The Office of the Comptroller of the Currency (OCC) last week issued new guidance encouraging banks to offer those loans to their customers. The guidance changed no regulation. It only clarified the OCC’s stance on those loans.
In a white paper issued last year, the ABA “highlighted the important role that small-dollar credit plays in helping consumers meet their financial needs, and called on regulators to remove barriers that impede banks from making small-dollar loans. The white paper is part of the banking industry’s continuing response to President Trump’s executive order outlining ‘core principles’ for financial regulation.”
The paper takes a look at the consequences of overdrafts in the absence of a robust small-dollar loan environment. “Consumers lose an average of $443 in purchasing power for each attempted check or ACH transaction that is returned due to insufficient funds in the consumer’s account,” the ABA’s research found. “The total annual lost purchasing power is $43.7 billion.”
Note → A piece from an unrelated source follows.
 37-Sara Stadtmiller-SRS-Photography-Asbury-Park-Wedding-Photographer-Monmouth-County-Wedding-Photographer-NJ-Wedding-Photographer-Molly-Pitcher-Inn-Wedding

The paper also challenged the view that overdraft mainly hurts lower-income consumers. “Middle-income consumers use overdraft protection at higher rates than lower-income consumers,” the ABA researchers said. “In general, there is no typical user of overdraft protection; consumers across the income spectrum use overdraft protection and do so for many different reasons.”
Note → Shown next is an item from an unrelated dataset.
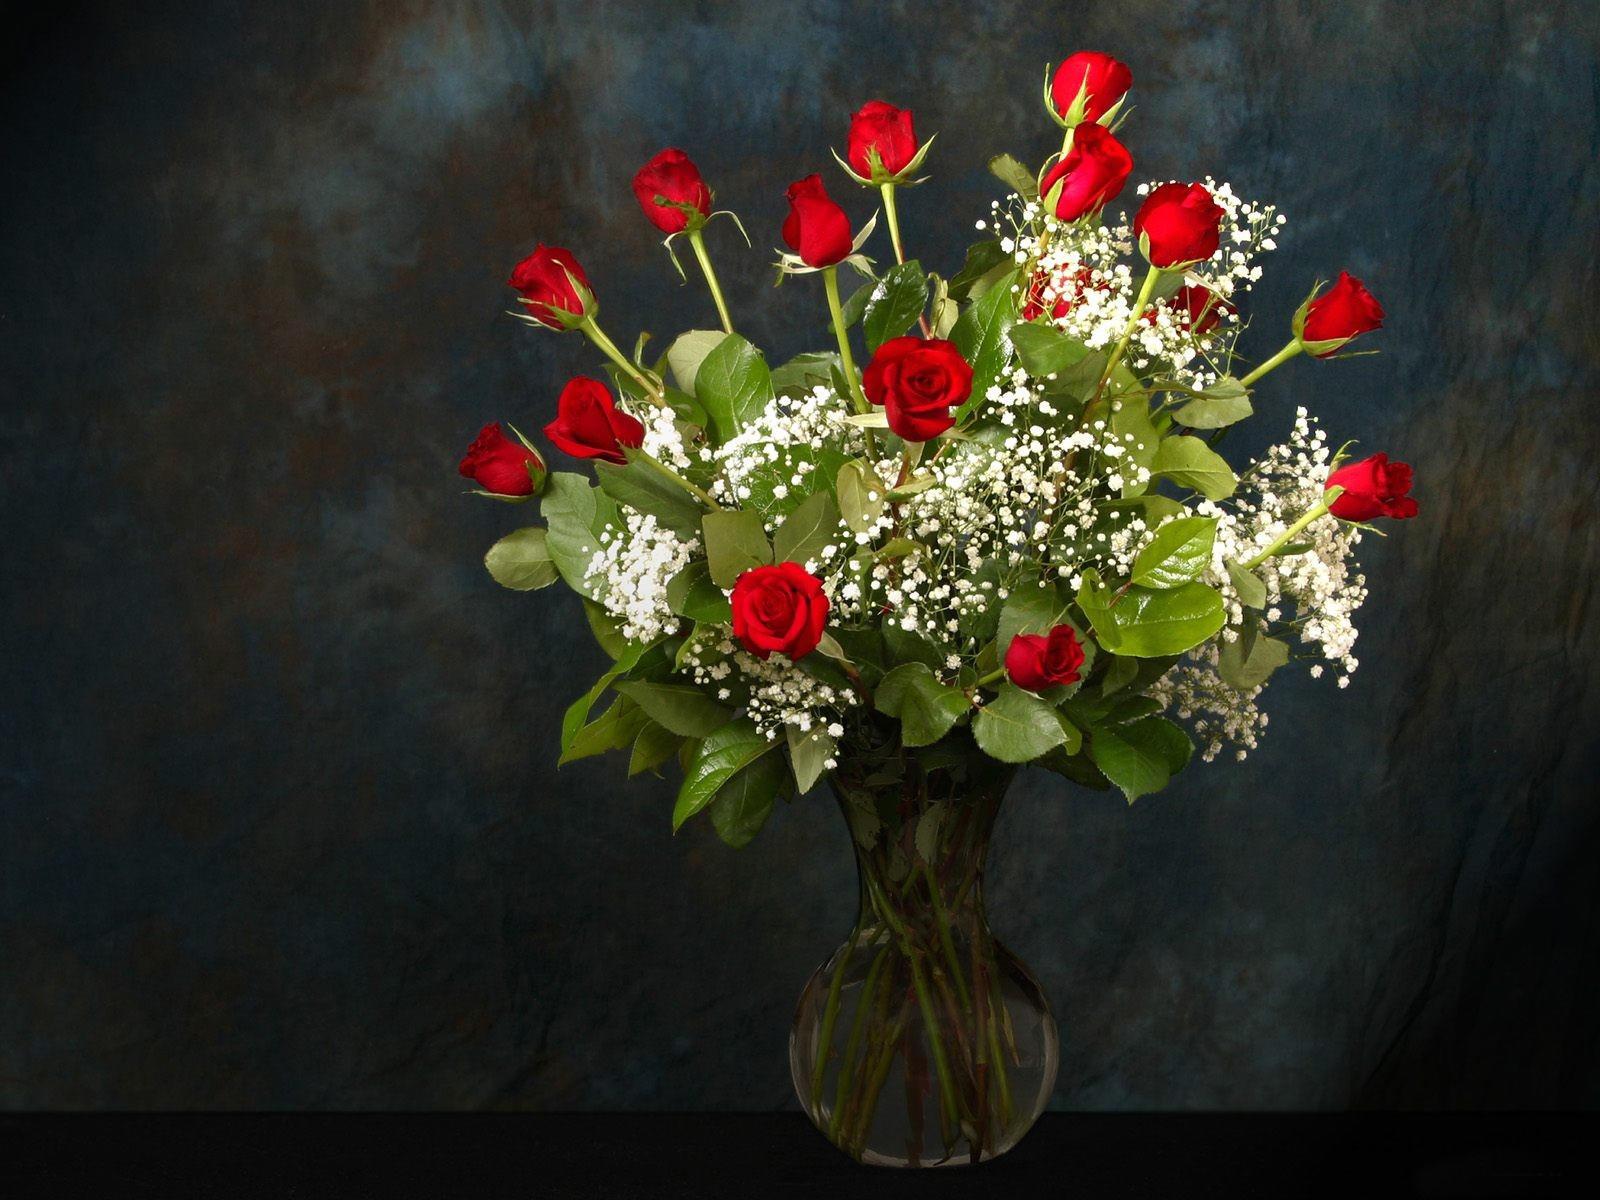 Композиция красных роз в вазе

Other research — in this case, a report earlier this year from the Pew Charitable Trust — shows how high the stakes are when it comes to small-dollar loans.
U.S. consumers “currently spend more than $30 billion annually to borrow small amounts of money from payday, auto title, pawn, rent-to-own, and other small-dollar lenders outside the banking system,” Pew said. “Consumers use these high-cost loans to pay bills; cope with income volatility; and avoid outcomes such as eviction or foreclosure, having utilities disconnected, seeing their cars repossessed, or going without necessities.”
Much of the energy behind the support for small-dollar lending comes from the Federal Reserve’s finding that about 40 percent of adults would not be able to pay an unexpected $400 expense without borrowing funds or selling a personal item.
Meeting consumer demand for small-dollar lending will not come easily.
“In order for these traditional lending institutions to seriously compete with the large number of payday and other nonbank small-dollar lenders that market aggressively, many banks and credit unions — especially large ones — would need not only to offer small-dollar loans, but to make sure that consumers are aware that they offer such loans,” the Pew report said. “And banks and credit unions would need to compete with nonbank lenders on speed, likelihood of approval, and ease of application, because small-dollar loan borrowers usually seek credit when they are in financial distress.”
But traditional financial institutions do have advantages over nonbank lenders, including a lower cost of doing business, which allows them to “offer loans profitably to many of the same borrowers at prices six times lower than those of payday and other similar lenders,” the Pew report said. “The banks and credit unions would be lending in a largely automated fashion to known customers who already make regular deposits, so both their acquisition costs and automated underwriting costs would be lower than those of nonbank lenders.”